„Streitschriften“ und Bücher, die gesellschaftliche Diskurse auslösen gab es in vergangenen Jahren häufig.
Thilo Sarrazins „Deutschland schafft sich ab“, entzweite das Land über Fragen zur Integration. Bernhard Bueb veröffentlichte 2006 das Buch „Lob der Disziplin“. Paartherapeut Arnold Retzer lobte drei Jahre später die „Vernunftehe“.
Melanie Mühl, Redakteurin bei der „Frankfurter Allgemeinen Zeitung“, will in ihrem Buch „Die Patchwork-Lüge: Eine Streitschrift“ auf die, ihrer Meinung nach, schwierige Situation von Scheidungskindern hinweisen.
„Die Patchwork-Lüge“ löst eine Familien-Debatte aus
Der Hanser-Verlag bewarb das Sachbuch mit dem Satz „Ein unzeitgemäßes Buch, das eine längst fällige Debatte auslösen wird.“ Die Debatte gab es in jedem Fall: Mühls Buch wurde in den Feuilletons und Talkshows dieses Landes kontrovers diskutiert. Kritiker sahen in der „Patchwork-Lüge“ eine konservative Rückbesinnungsfantasie, während Befürworter das Werk dafür feierten, dass es der Gesellschaft die Scheuklappen vor dem Thema herunterriss.
Die zentrale These von Mühls Buch ist einfach: Das Modell der Patchwork-Familie funktioniert nicht und schadet den Kindern. Trotzdem wird es von den Medien idealisiert und zur Nachahmung empfohlen. Dass eine solche Behauptung zu simpel ist um wahr zu sein ist, dürfte jedem auffallen, wahrscheinlich sogar der Autorin. Aber eine Streitschrift soll ja durchaus einseitig sein.
Die Patchwork-Lüge als Gefahr für die Gesellschaft?
So präsentiert Mühl Statistiken und Untersuchungen, die alle Belegen, dass Scheidungskinder sehr unter ihrer Situation leiden. Psychologische Schäden seien häufig die Folge und ziehen weitere Probleme für das spätere Leben nach sich, so die Autorin. Aber gemäß dem Motto: „Traue keiner Statistik, die du nicht selbst gefälscht hast“, lassen diese Daten durchaus auch andere Schlussfolgerungen zu.

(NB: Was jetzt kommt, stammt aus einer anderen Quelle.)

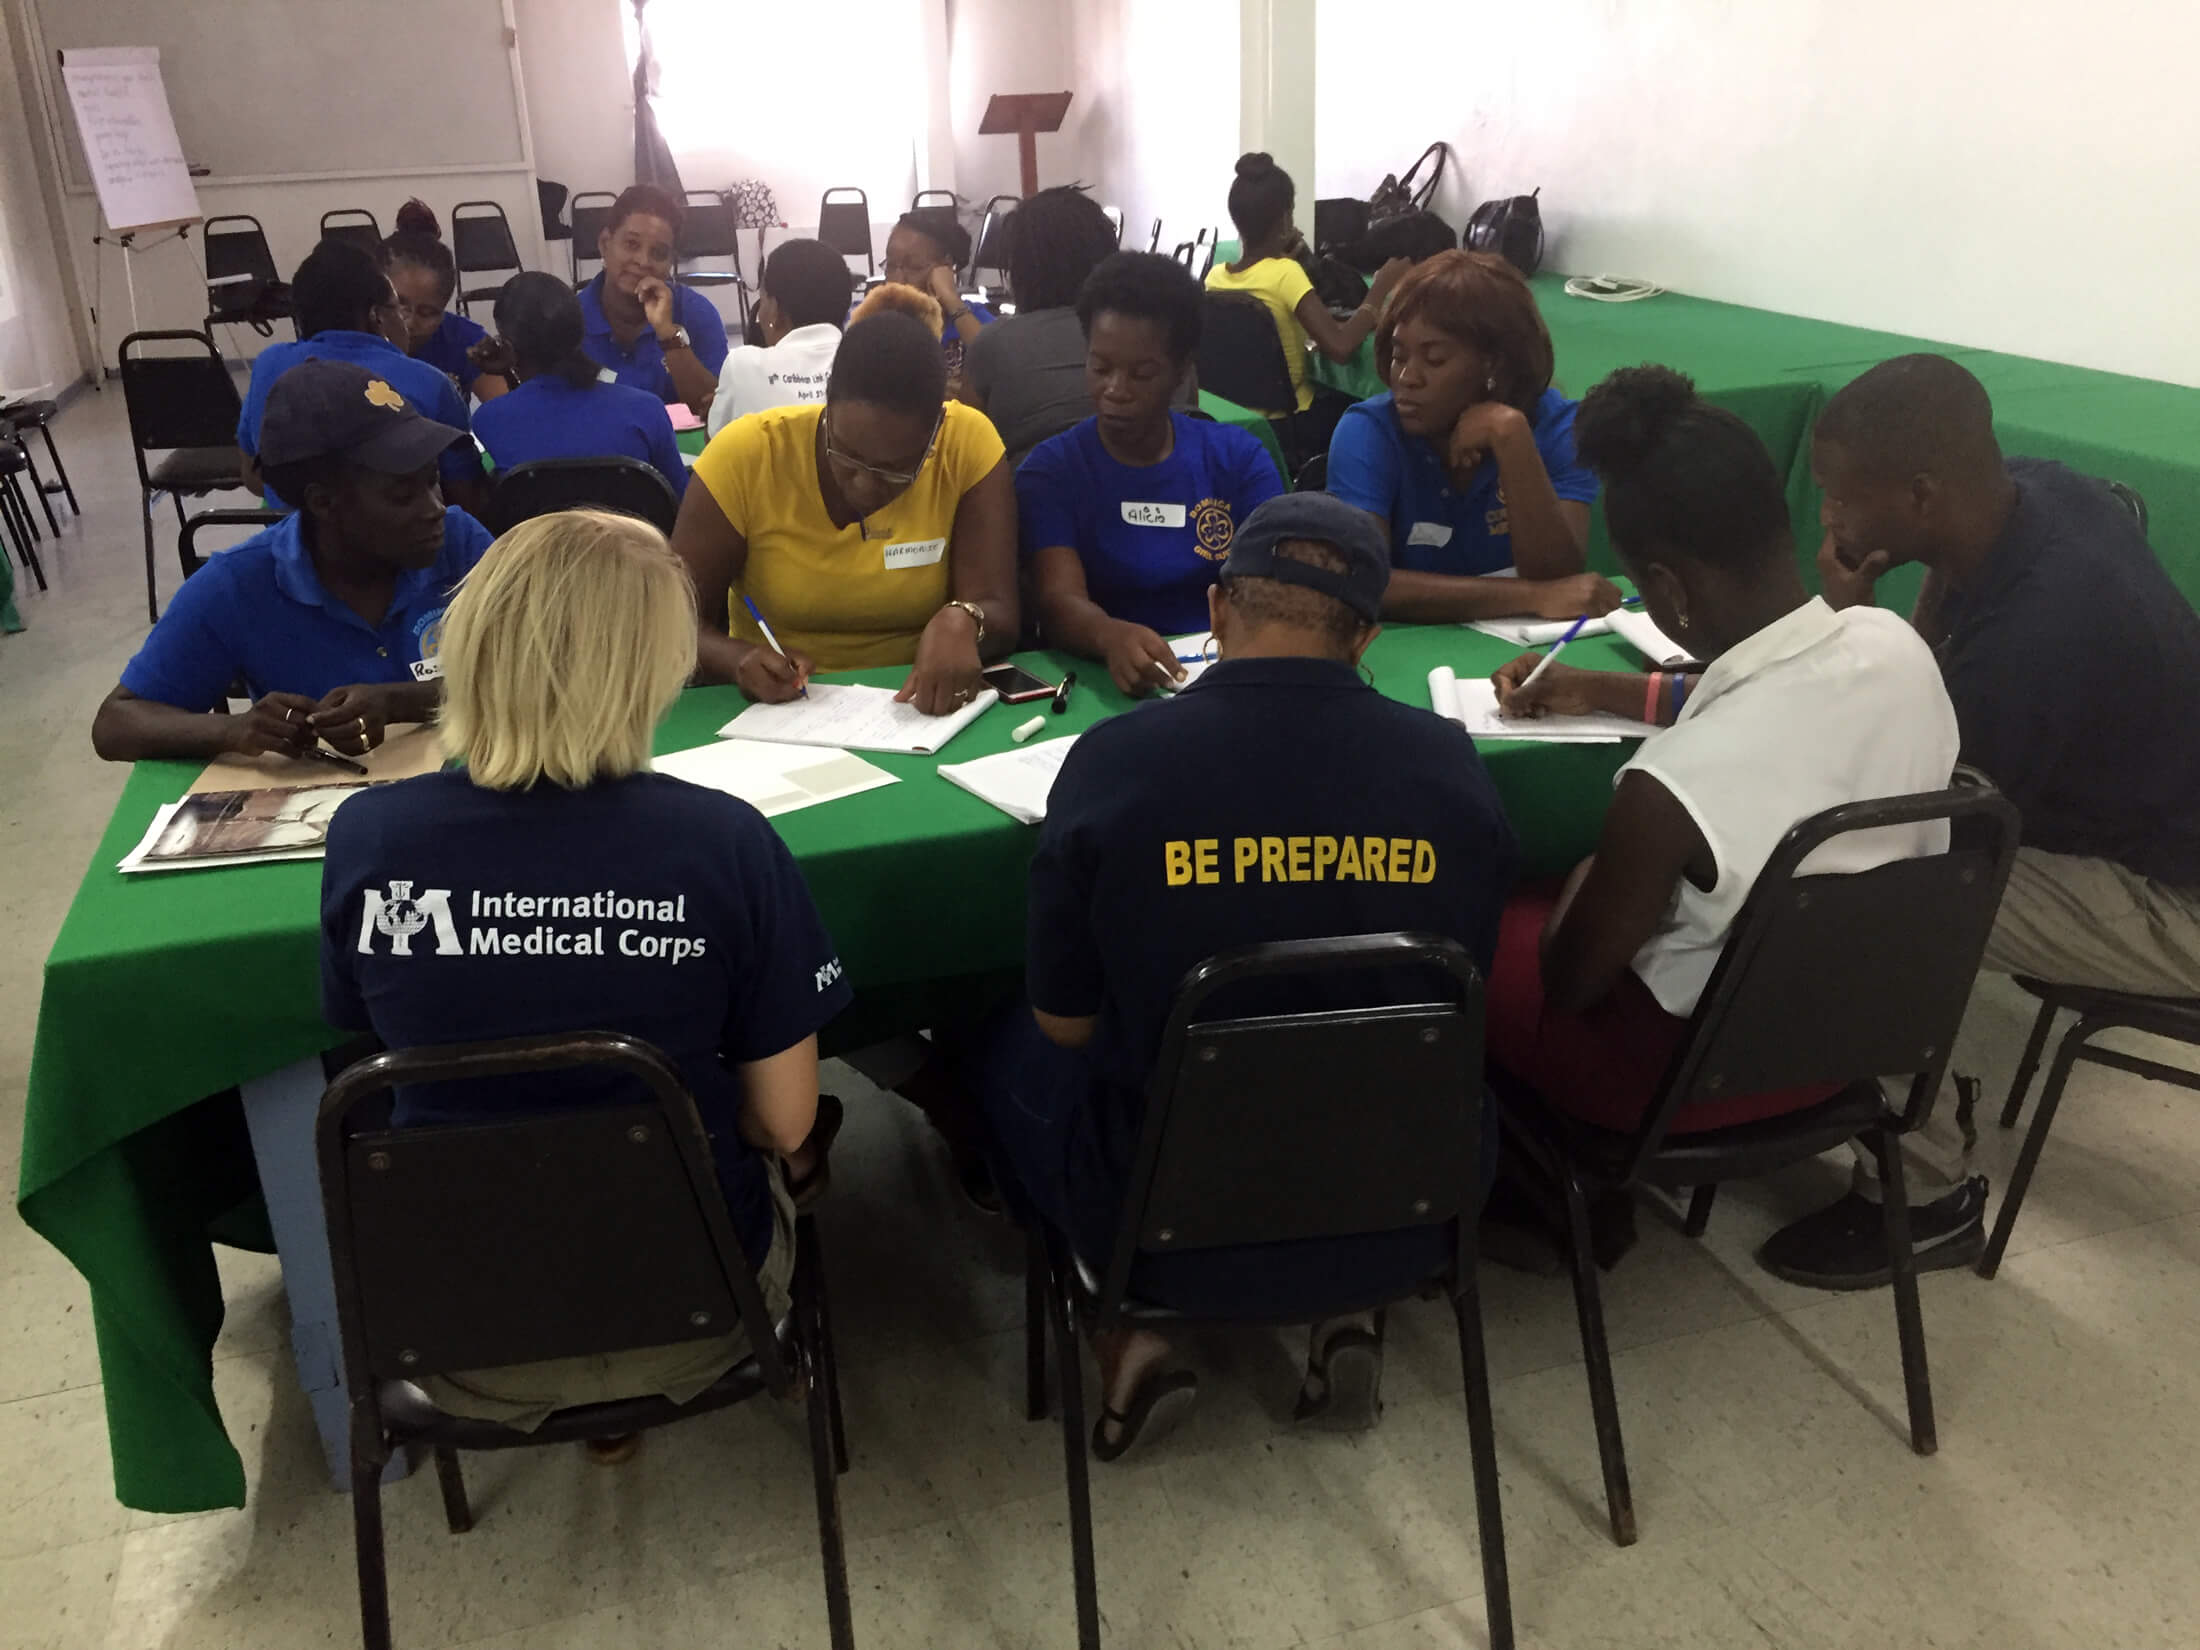 International Medical Corps’ staff train local community members in Dominica to perform psychological first aid. Such training sessions—in this case, delivered shortly after Hurricane Maria—help communities better prepare for future storms.

Recht hat die Autorin damit, dass die Patchwork-Familie in den Medien zu oft als paradiesisches Beziehungsmodell verkauft wird. Was im TV von der zusammengewürfelten Familie erzählt wird, „ist einfach immer nur bunt und lustig und Sommerferienlagerhaft.“ Indem die Flickenteppich-Familie immer weiter propagiert wird, leiden immer mehr Kinder, was Melanie Mühl als große Gefahr sieht: „Wir sprechen nicht über ein paar Kindheitstraumata, die nur die Persönlichkeit Einzelner betreffen, wir sprechen über nicht weniger als den Zusammenhalt unserer Gesellschaft.“
Beziehungstipps aus den 50ern?
Mit Prophezeiungen dieser Art mag sich die Autorin, selbst Scheidungskind, ein wenig zu weit aus dem Fenster gelehnt haben. Auch ihr Rat wie die Situation für Kinder verbessert werden könne, lässt die Hände über dem Kopf zusammenschlagen. „Eine Beziehung kann halten, wenn man es nur wirklich will. Und Kinder wollen eben, dass die Eltern sich gefälligst Mühe geben,“ sagte sie in der ARD-Sendung „Hart aber fair“. So etwas klingt eher nach einem Zitat aus einem katholischen Beziehungsratgeber von 1950, als nach einem Beitrag zur zeitgenössischen Familien-Debatte.
Bei aller Kritik muss man Melanie Mühl auch zugute halten, dass sie sich an ein kontroverses Thema herangewagt hat, das viele Menschen betrifft. Mit Recht entzaubert sie den Nimbus der Patchwork-Familie und macht deutlich, dass dieses Modell nicht das Nonplusultra des Zusammenleben für Kinder ist. Insofern hat das Buch „Die Patchwork-Lüge“ eine wichtige Debatte angestoßen, kann aber als tiefgreifende Untersuchung nicht überzeugen.